The words she uttered were these: “Therefore being justified by faith, we have peace with God, through our Lord Jesus Christ.”

Now, if it is your fortune to be a regular attendant at a prayer-meeting where a woman’s voice is never heard, you can appreciate the fact that the mere recitation of a Bible verse, by a “sister” in the church, was a startling, almost a bewildering innovation. Only a few months before, I am not sure but some of the good people would have been utterly overwhelmed by such a proceeding. But they had received many shocks of late. The Spirit of God coming into their midst had swept away many of their former ideas, and therefore they bore this better.

A Happy Ending:

Not long after that Wednesday night prayer meeting when Isabella spoke out in front of her parents, her father became very ill and she traveled to his home to be with him in his final days. One evening she was alone with her father when he said, unexpectedly:

“Thus saith the Lord who created thee.”

He explained to Isabella that he well remembered that Wednesday night prayer meeting and the verse she recited.

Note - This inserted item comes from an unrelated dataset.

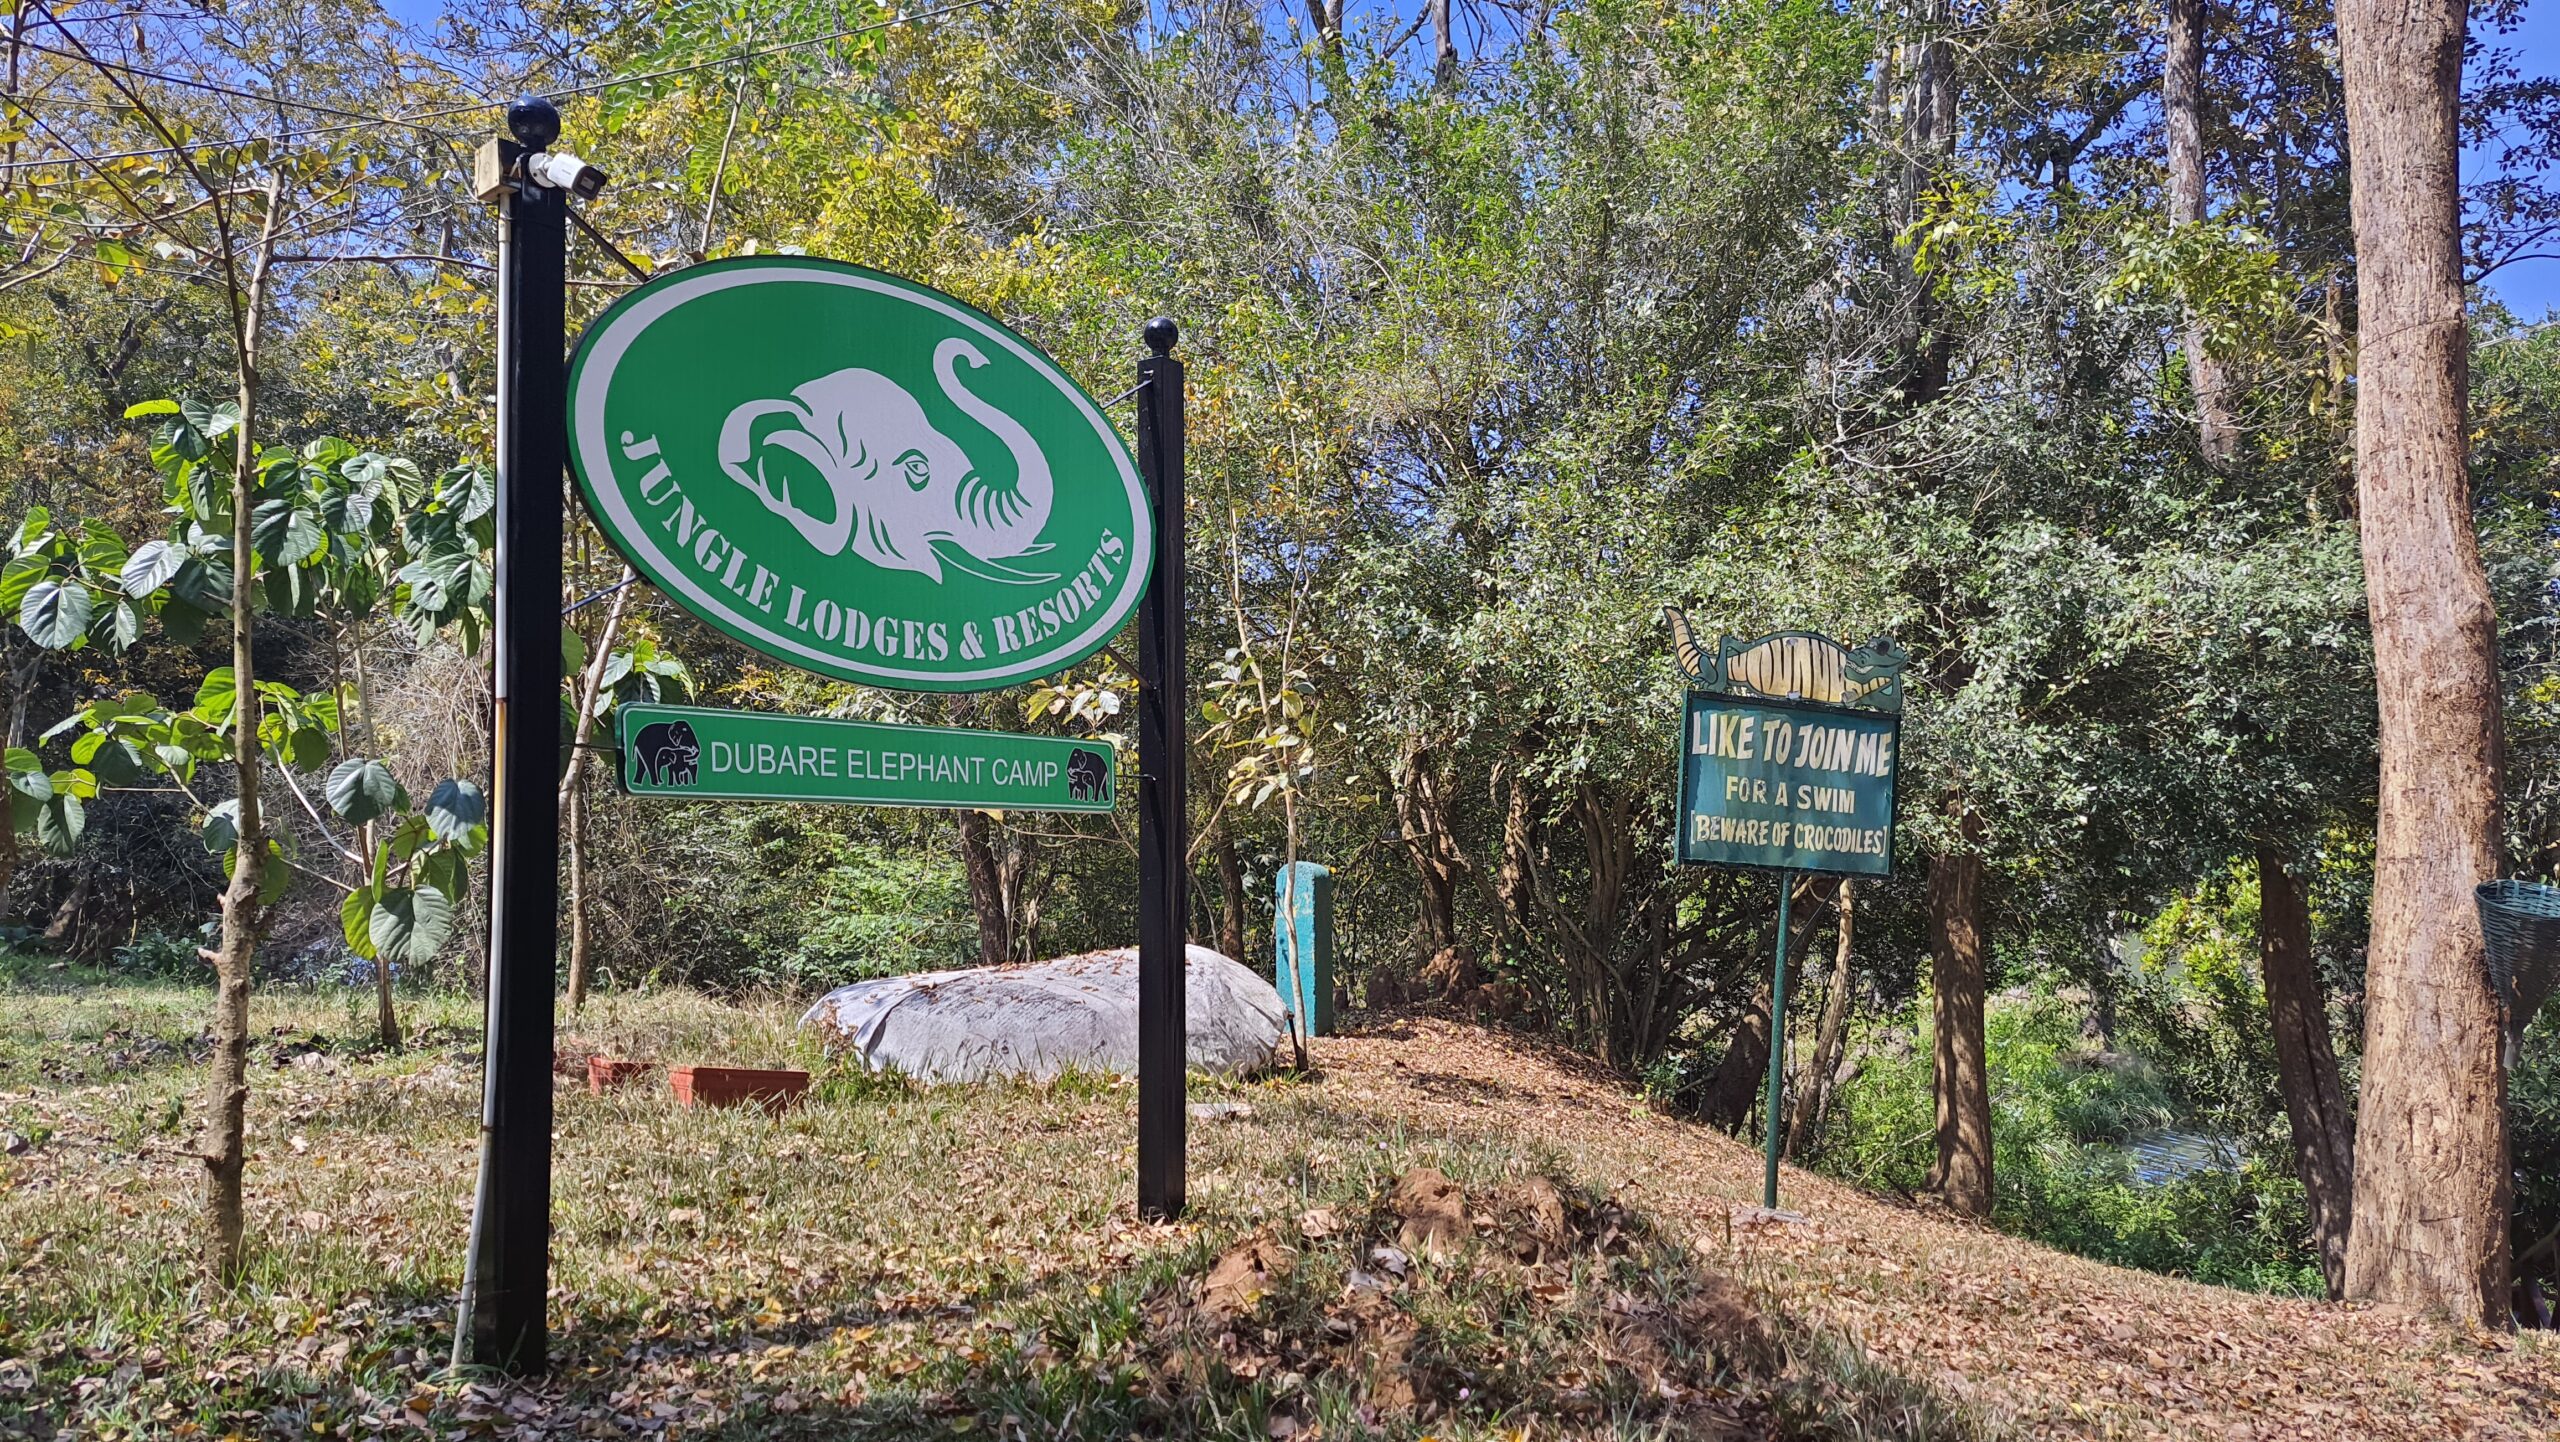 Dubare Elephant Camp and Jungle Lodges

“The first time I ever heard it, your beloved voice gave it to me,” he said. “I can’t begin to tell you what [those words] are to me now, lying here. ‘Fear not; for I have redeemed thee; I have called thee by thy name; thou art mine.’”

That was the last private talk Isabella had with her father and she cherished the memory of it.

“I thank the dear Lord,” she later wrote, “that one night He gave me courage to repeat words which brought joy to Father’s heart.”